Par Rachid Ezziane

Quelques années après la Révélation, deux hommes issus de tribus arabes se déclarèrent prophètes et prétendirent qu’eux aussi ont reçu des révélations et commencèrent à appeler les gens à adhérer à leur nouvelle religion. Certainement, cette initiative n’a été fomentée que pour perturber la vraie révélation apportée par le Prophète Mohamed (qlssl).

Le premier faux prophète s’appelait Assouad el-Aanzi, et habitait dans les tribus du Yémen, du côté de Sanaa. Le deuxième, lui, s’appelait Moussaïlama le menteur, et était issu d’une tribu de la région d’El-Yamama. Chacun, dans sa contrée, essaya à faire revenir les convertis à l’Islam par la persuasion et le mensonge, et même qu’ils utilisaient la force pour les contraindre à quitter la vraie religion. L’un des deux fous, en l’occurrence Moussaïlama, eut même l’outrecuidance d’envoyer un message au Prophète (qlssl). Dans ce message, il était écrit : «De Moussaïlama, messager de Dieu, à Mohamed, Messager d’Allah. Paix sur vous. J’ai été associé dans «l’affaire» avec vous. Et nous avons la moitié de la terre et à Koraïche l’autre moitié…»

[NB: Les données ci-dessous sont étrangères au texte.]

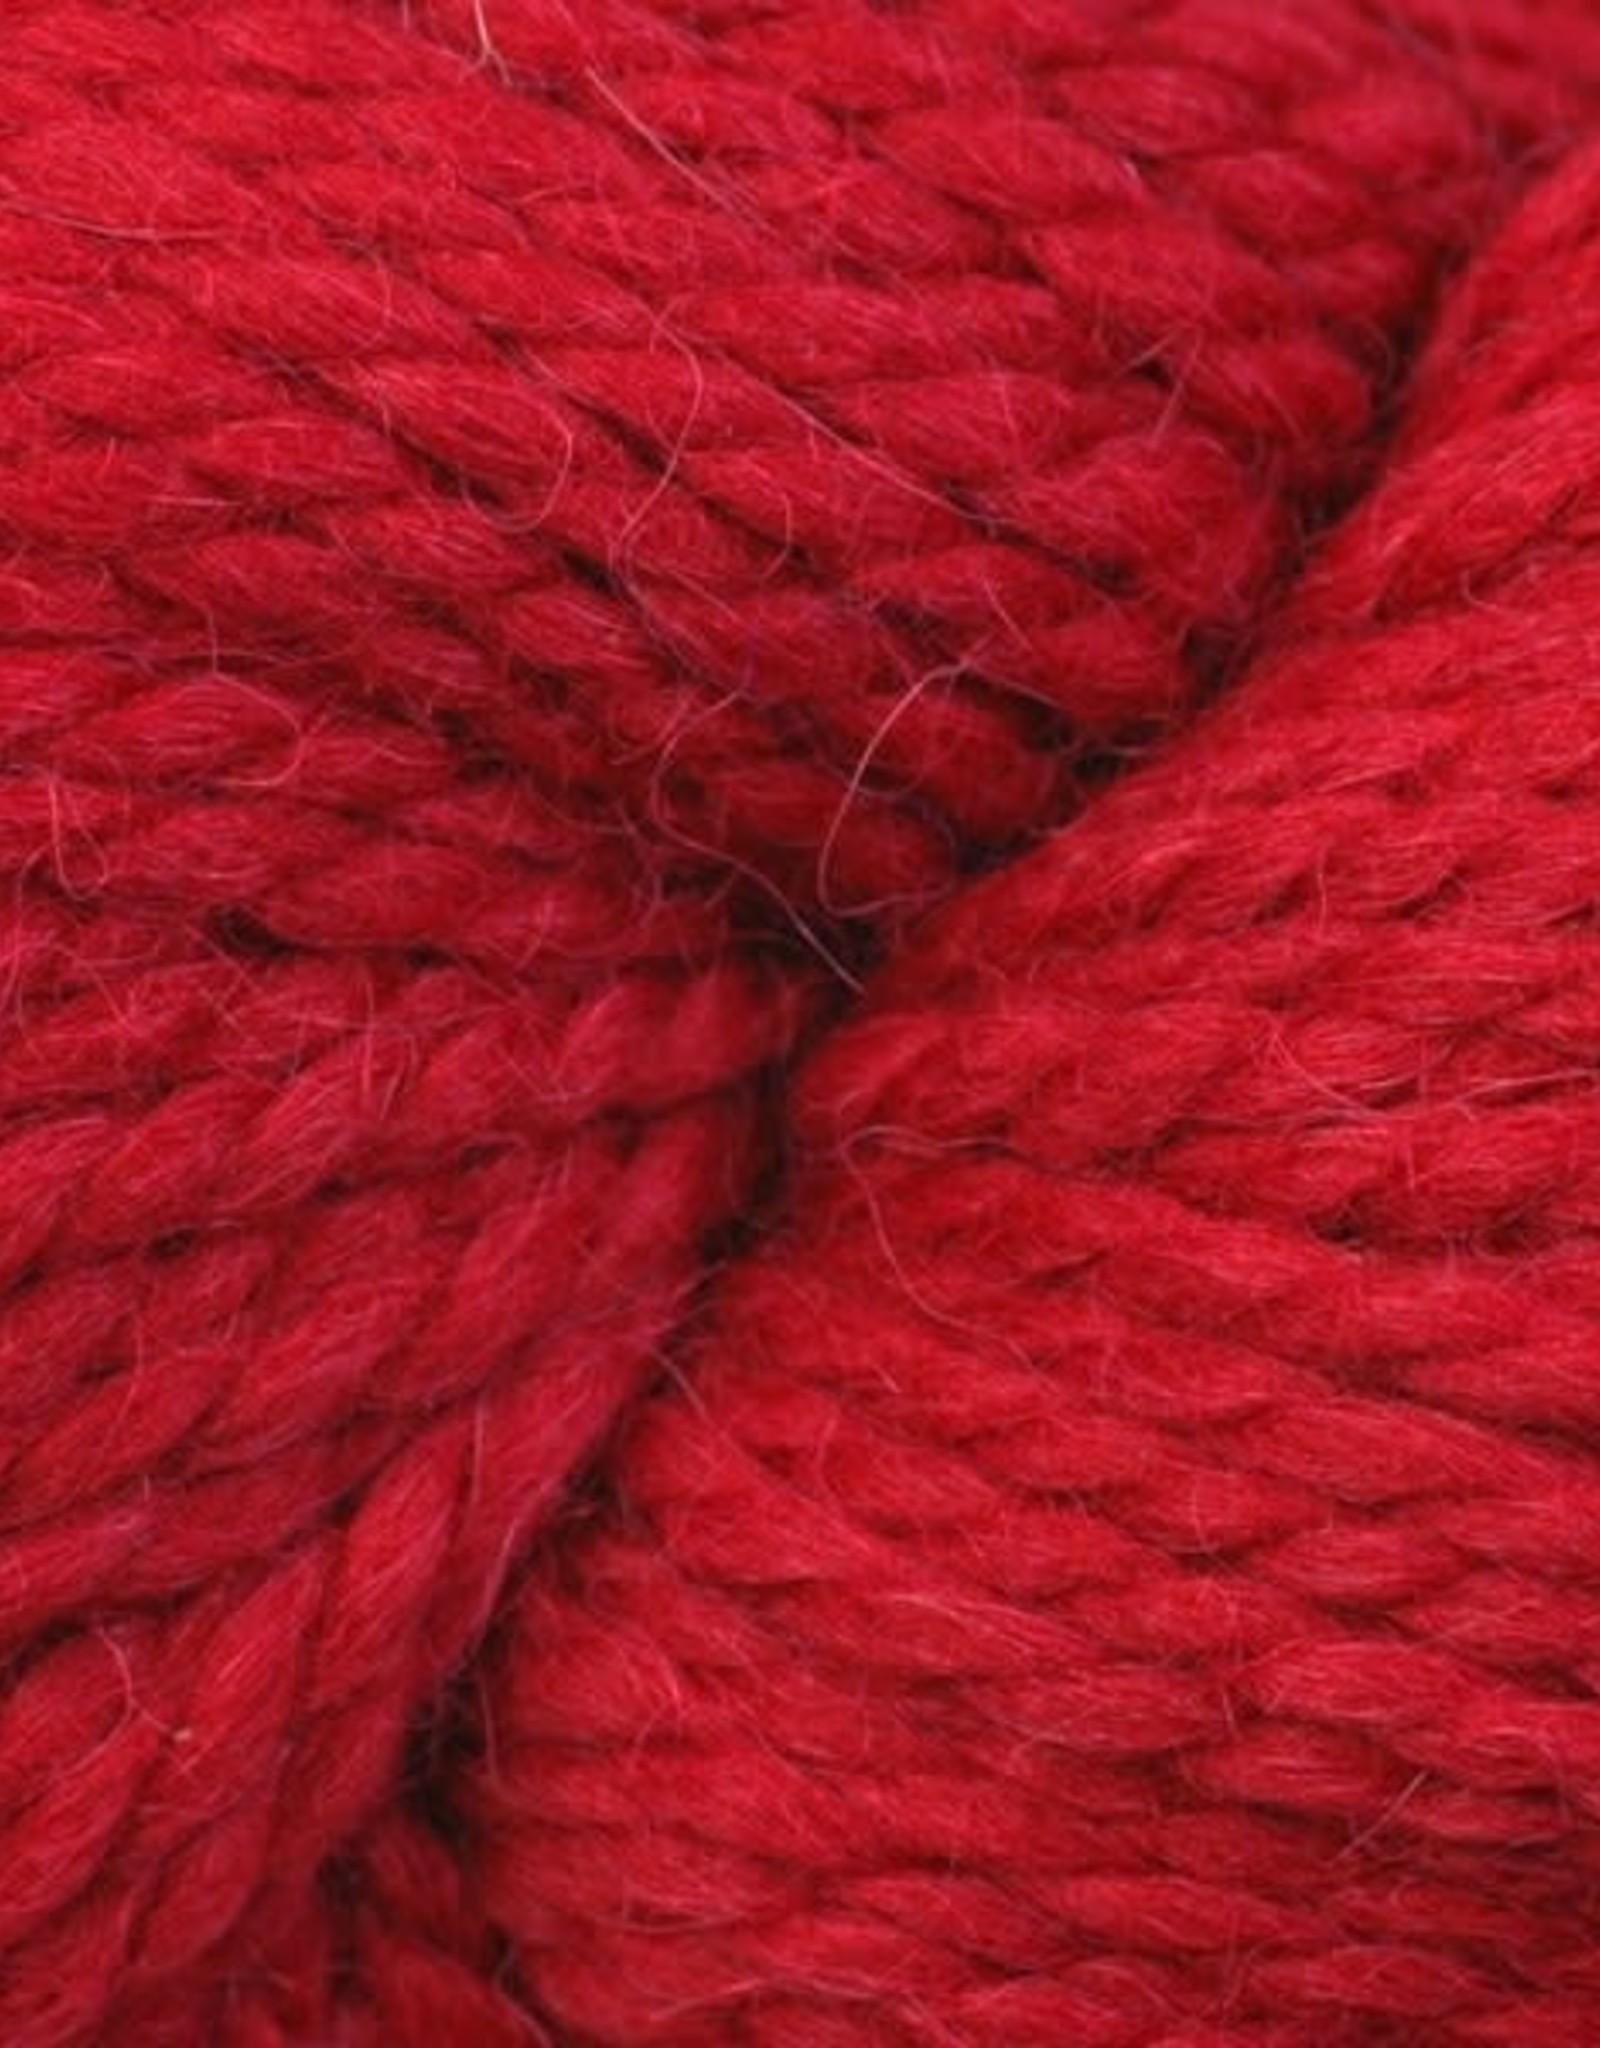 Berroco Ultra Alpaca Chunky 7234 cardinal
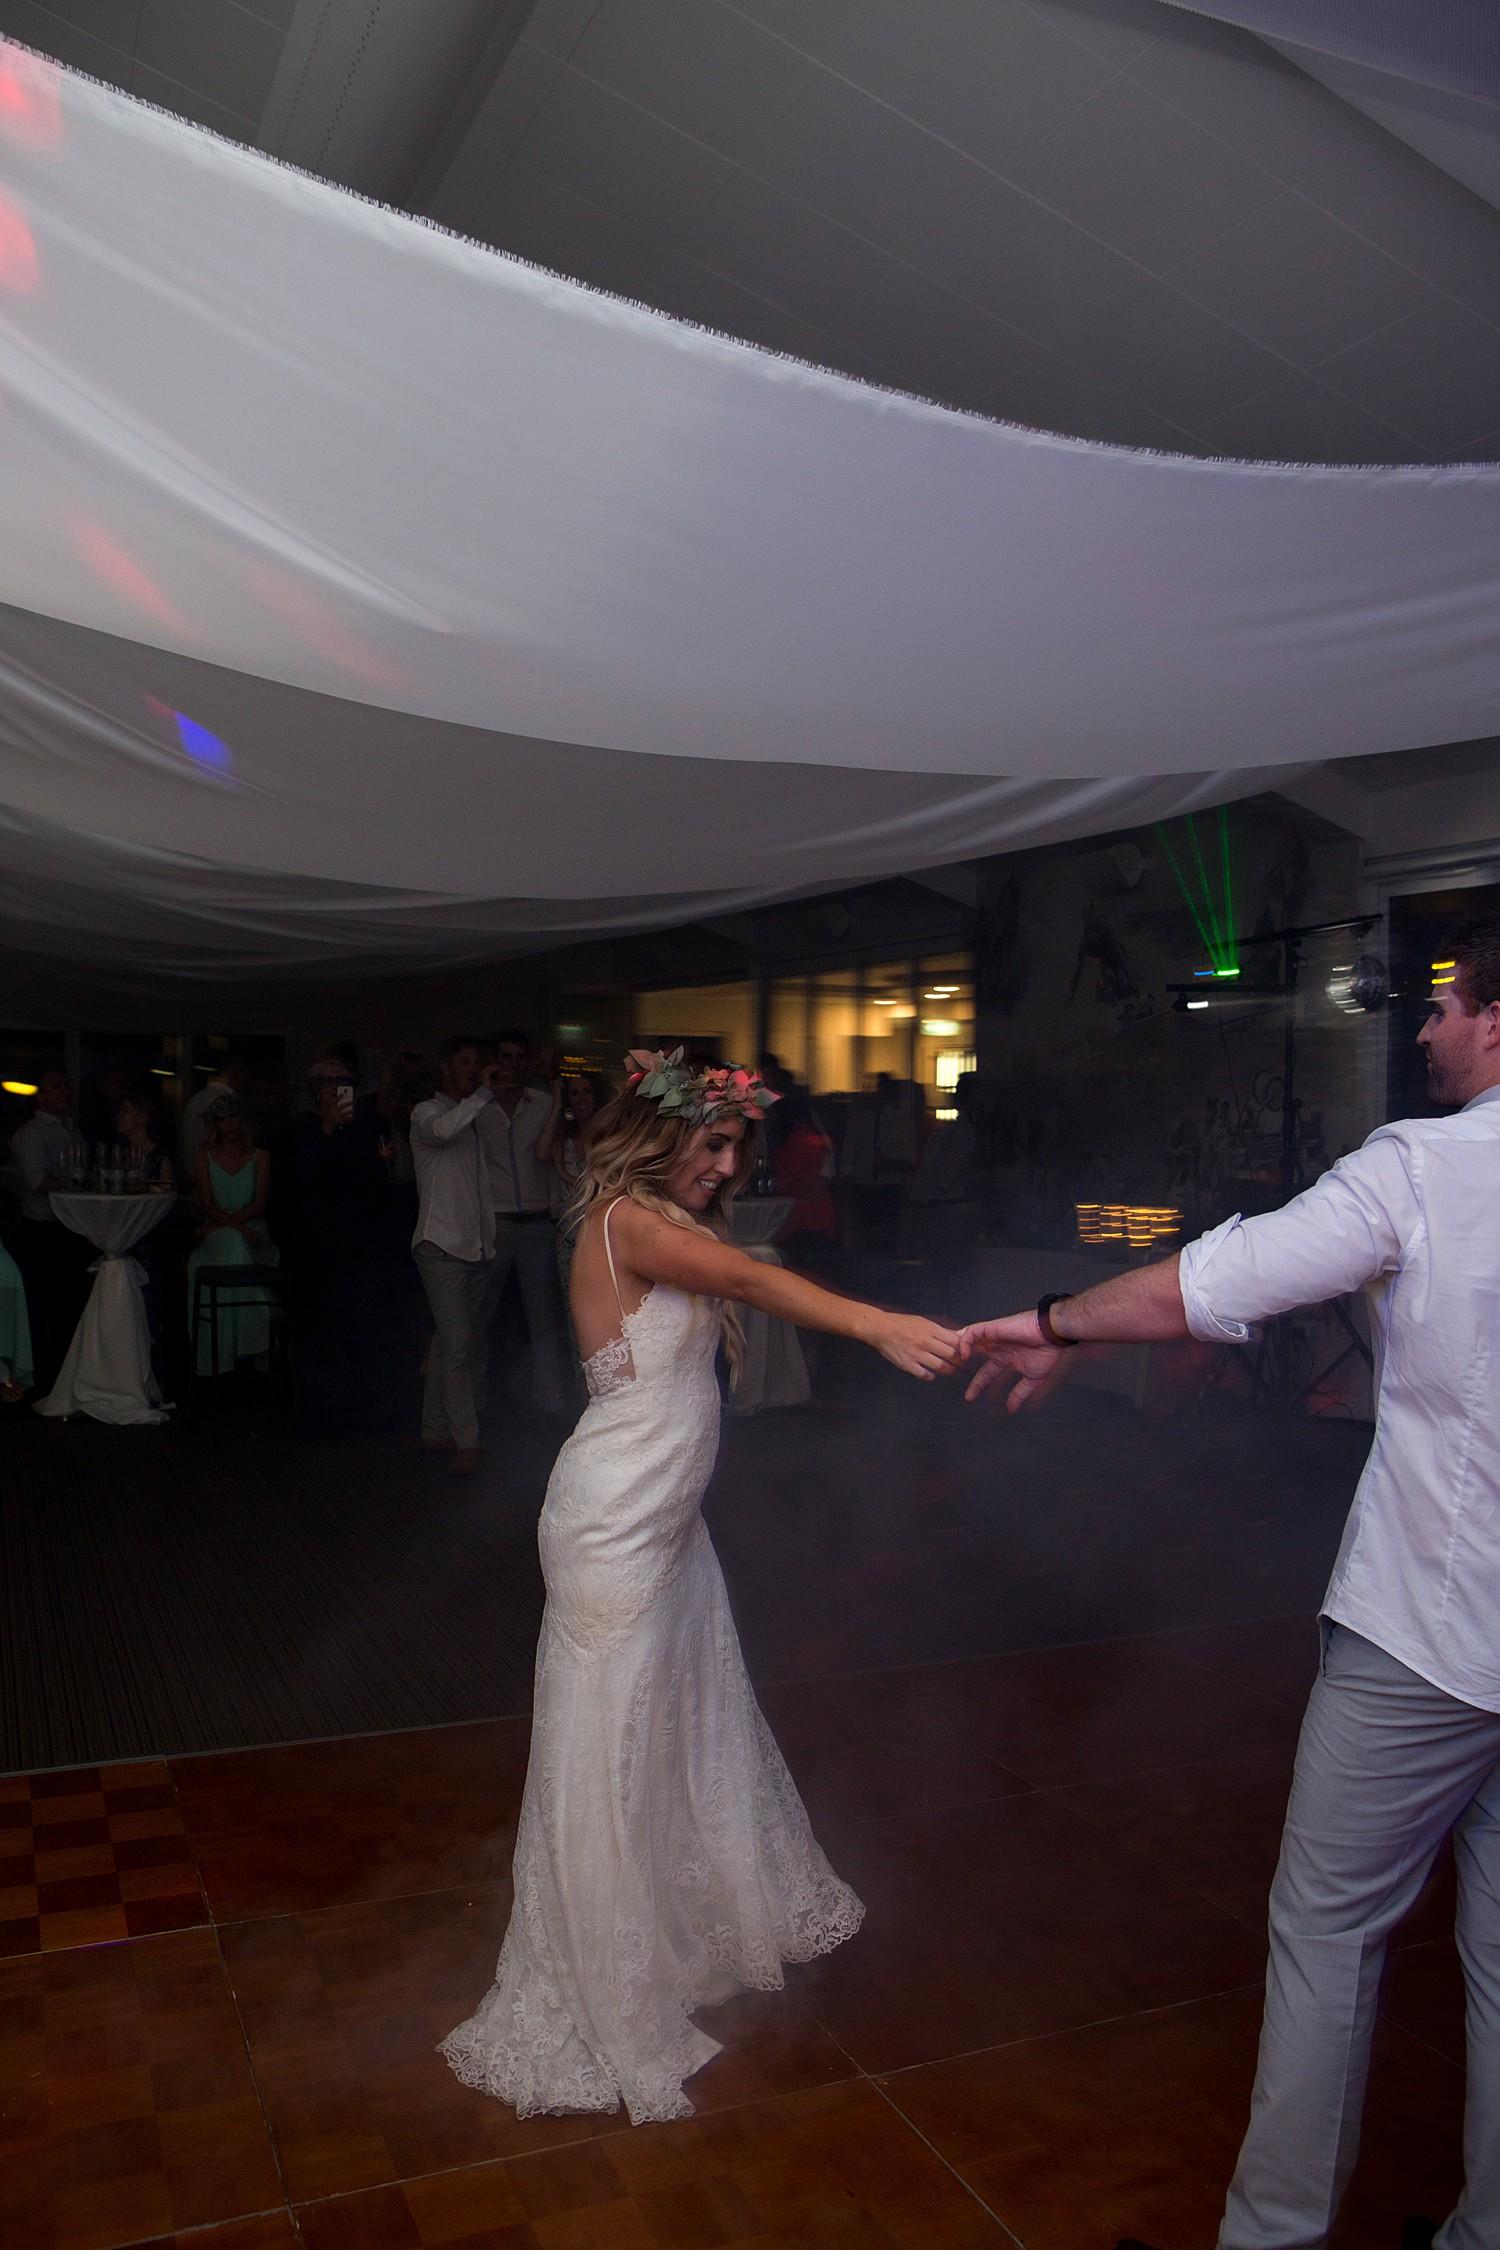 trigg_beach_wedding_perth (118).jpg

Comme s’il s’agissait de partage de terres, de biens et d’affaire à saisir, mais non pas de préceptes religieux. Ce qui fait confirmer la démence chez Moussaïlama le menteur. Mais nonobstant la folie de l’homme, le Prophète lui répondit par l’intermédiaire de son messager pour nous confirmer que ce que croient ces deux menteurs n’est qu’une démence pour s’enrichir des biens de la vie d’ici-bas. Il lui écrivit ce qui suit : «Au nom de Dieu le Clément et le Miséricordieux. De Mohamed, Messager d’Allah, à Moussaïlama le menteur. Paix sur celui qui suit le droit chemin. Et après… La terre est à Dieu et la fera hériter à qui Il veut…»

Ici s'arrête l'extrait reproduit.